Steve Havlock thought he was alone. He'd shut Luigi's Ristorante Italiano for the night, the other employees had left and he was doing some final cleanup. Then he heard a woman's voice, calling "Steve! Steve!"
Amy Scozzeri and Dash Bearsley, of Ghost Tours of Galveston, pose at a restaurant in Galveston, Texas, they claim is haunted. The two have taken thousands of tourists for a two-hour walking tour of the Strand District's spookiest places.
Amy Scozzeri and Dash Bearsley, of Ghost Tours of Galveston, pose at a restaurant in Galveston, Texas, they claim is haunted. The two have taken thousands of tourists for a two-hour walking tour of the Strand District's spookiest places.Carlos Javier Sanchez / AP
/ Source: The Associated Press

Steve Havlock thought he was alone.

He'd shut Luigi's Ristorante Italiano for the night, the other employees had left and he was doing some final cleanup.
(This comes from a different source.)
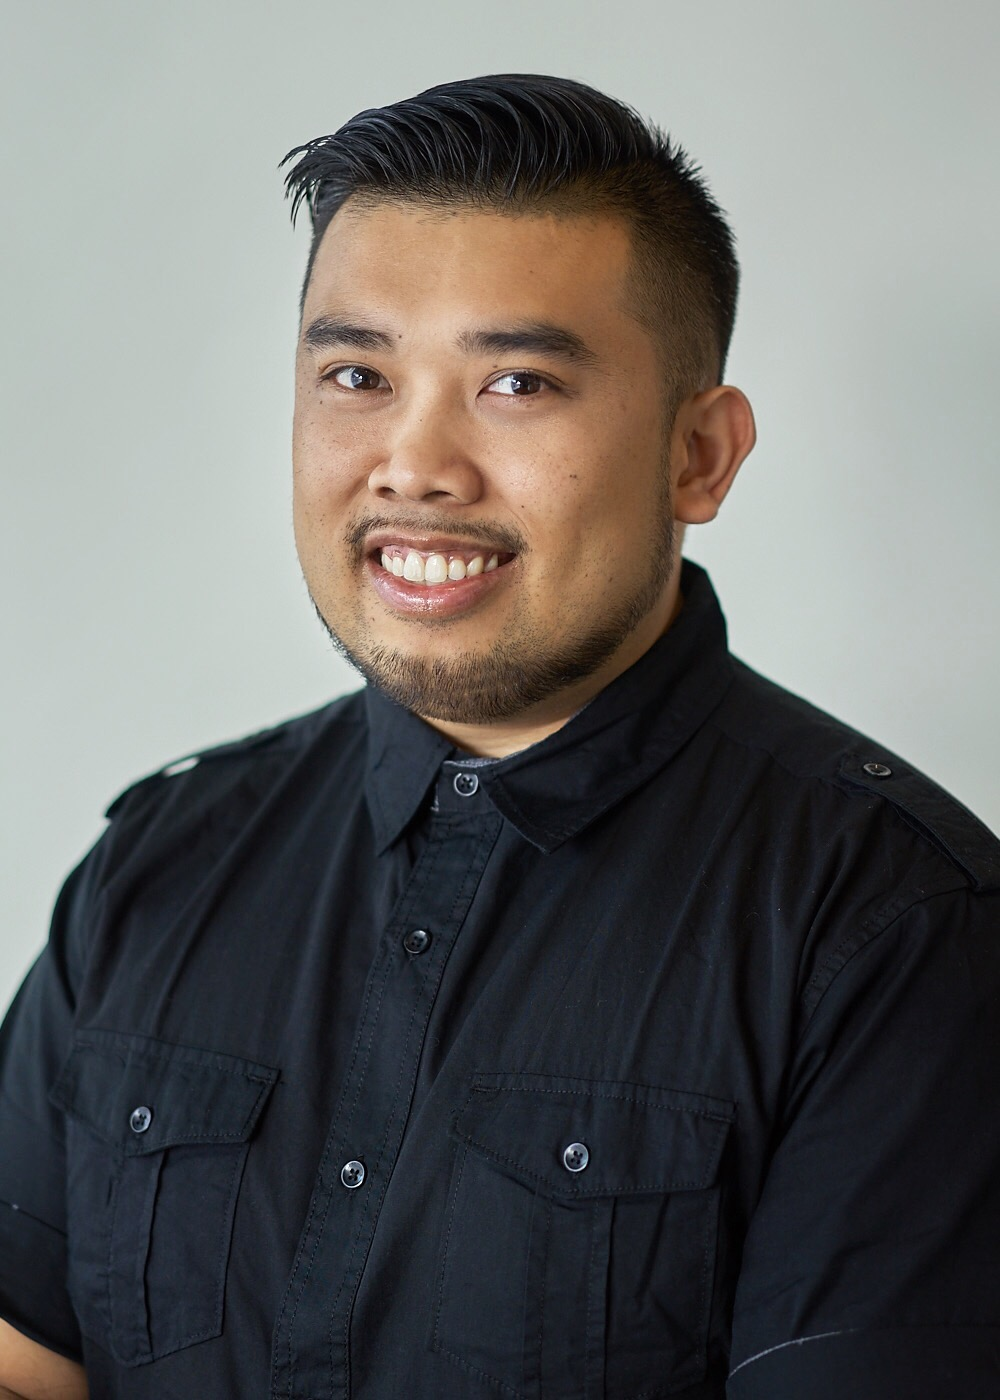 Meet Timothy, a dental hygienist at Tanega Dental in South San Francisco.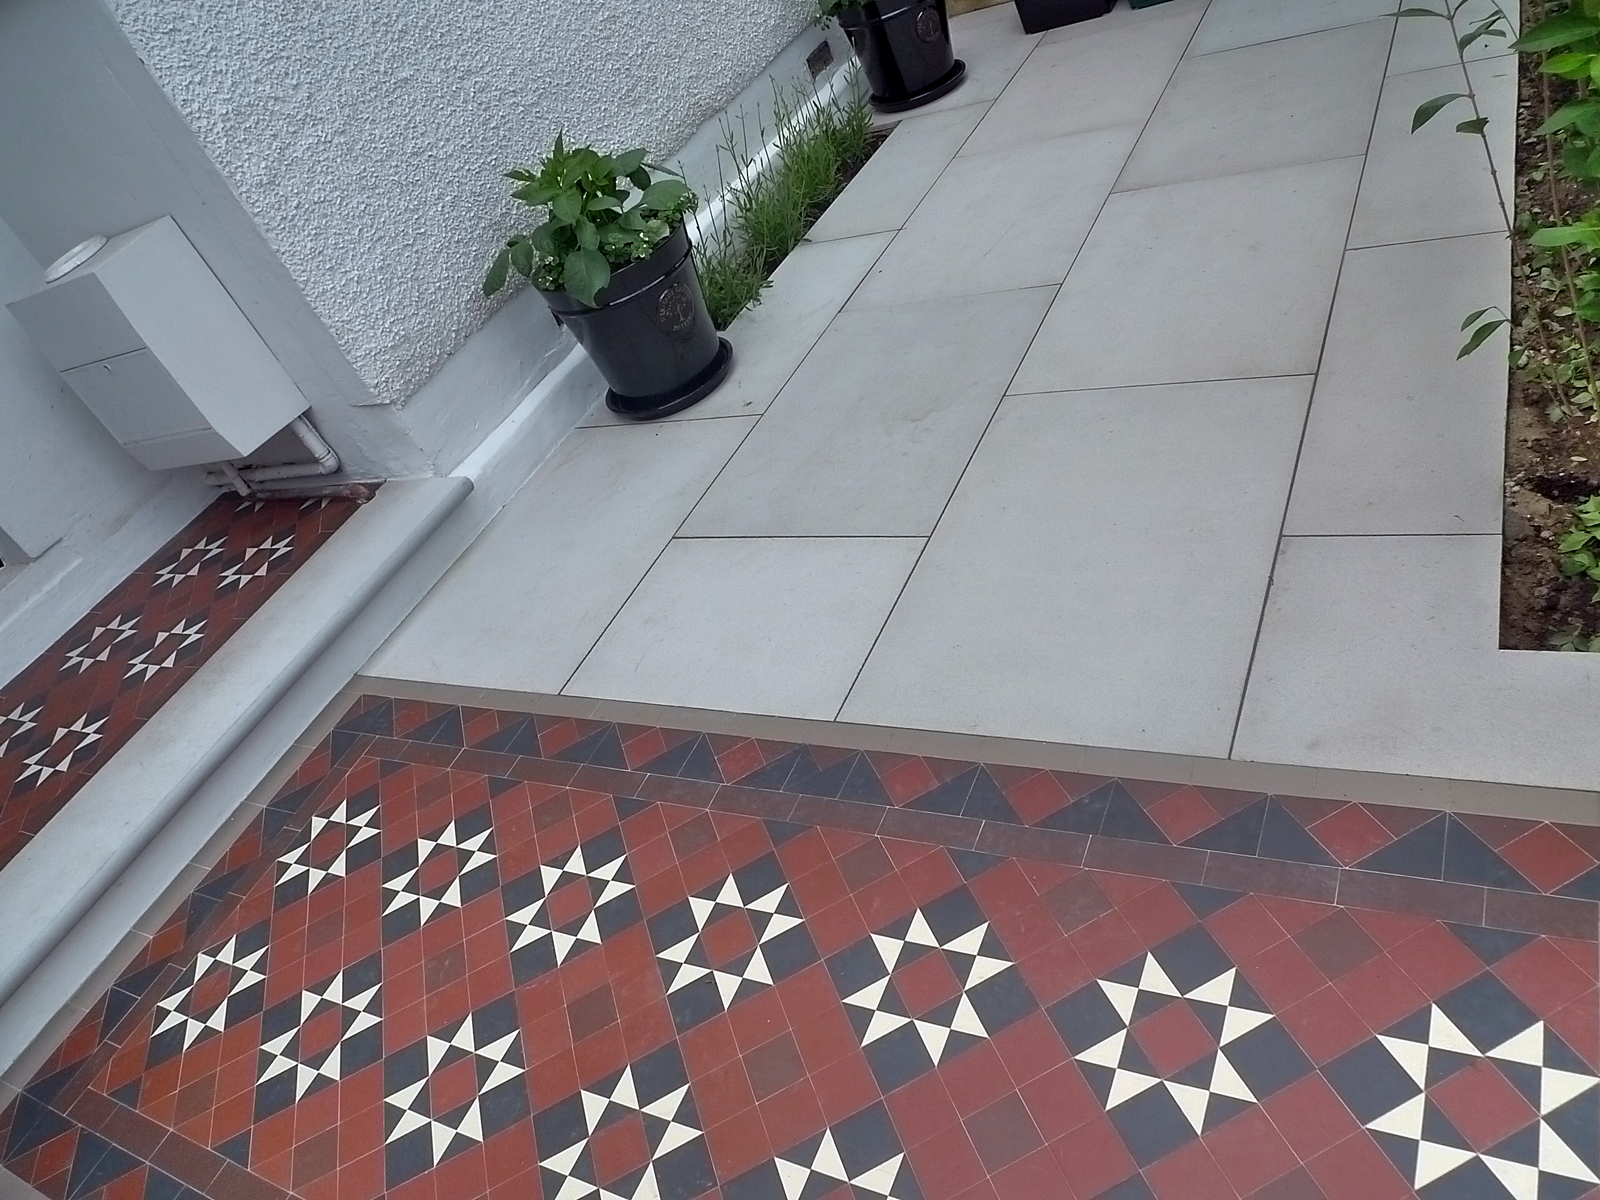 victorian mosaic tile path battersea clapham cheam kensington tooting streatham london

Then he heard a woman's voice, calling "Steve! Steve!"

"It was very clear," Havlock, 50, said. "The voice was in the distance, but very clear. And it was certainly my name."

No one was visible.

He'd heard the stories about a ghost that inhabits the restaurant's building on The Strand, the main street in Galveston's old historic district.

"I was skeptical," Havlock said of his experience about eight months ago. "I don't know that it freaked me out, but it was a little unnerving. I thought maybe I was imagining this."

But when the restaurant owner's 3-year-old grandson recently talked about speaking to "the lady upstairs" — and no one inhabits the second floor — and when a stunned customer earlier this month insisted they captured an unexplained image of a woman on their camera, Havlock was sold.

"I'm a believer now," he said. "I was always open-minded, but it certainly convinced me."

Havlock's experience was just another work day for Dash Beardsley and partner Amy Scozzari. They operate Ghosts Tours of Galveston and have taken thousands of tourists for a two-hour walking tour of the Strand's spookiest places.

Galveston had been Texas' largest city and most important port until the 1900 storm destroyed it, killing an estimated 6,000 people and ultimately leading to the growth of Houston, about 50 miles inland from the Gulf of Mexico. But even before the defining storm, famed French-born pirate Jean Laffite had used Galveston in the early 1800s as the base for his smuggling. The island also was captured by the Union in the Civil War and retaken by the Confederates.

"Fires, hurricanes, plagues of yellow fever," Beardsley said. "There's been unnecessary death here for a long time and any time there's a death that's sudden and not expected, there's almost always some kind of haunting."

Like the more than century-old former infirmary where people say they see folks appearing in the windows on the empty second floor.

Or the ghost of slain police officer Daniel Brister outside a former bank building where he was gunned down in 1920.

"The other night, with a large crowd in front of me, he pinched me on my backside," Scozzari, 27, said. "I told the crowd: 'I think Daniel is here. Daniel is getting fresh with me.'

"It's just another part of every day. I just accept it. I'm pretty normal, just like everyone else. If you get too serious about this, it can get overwhelming."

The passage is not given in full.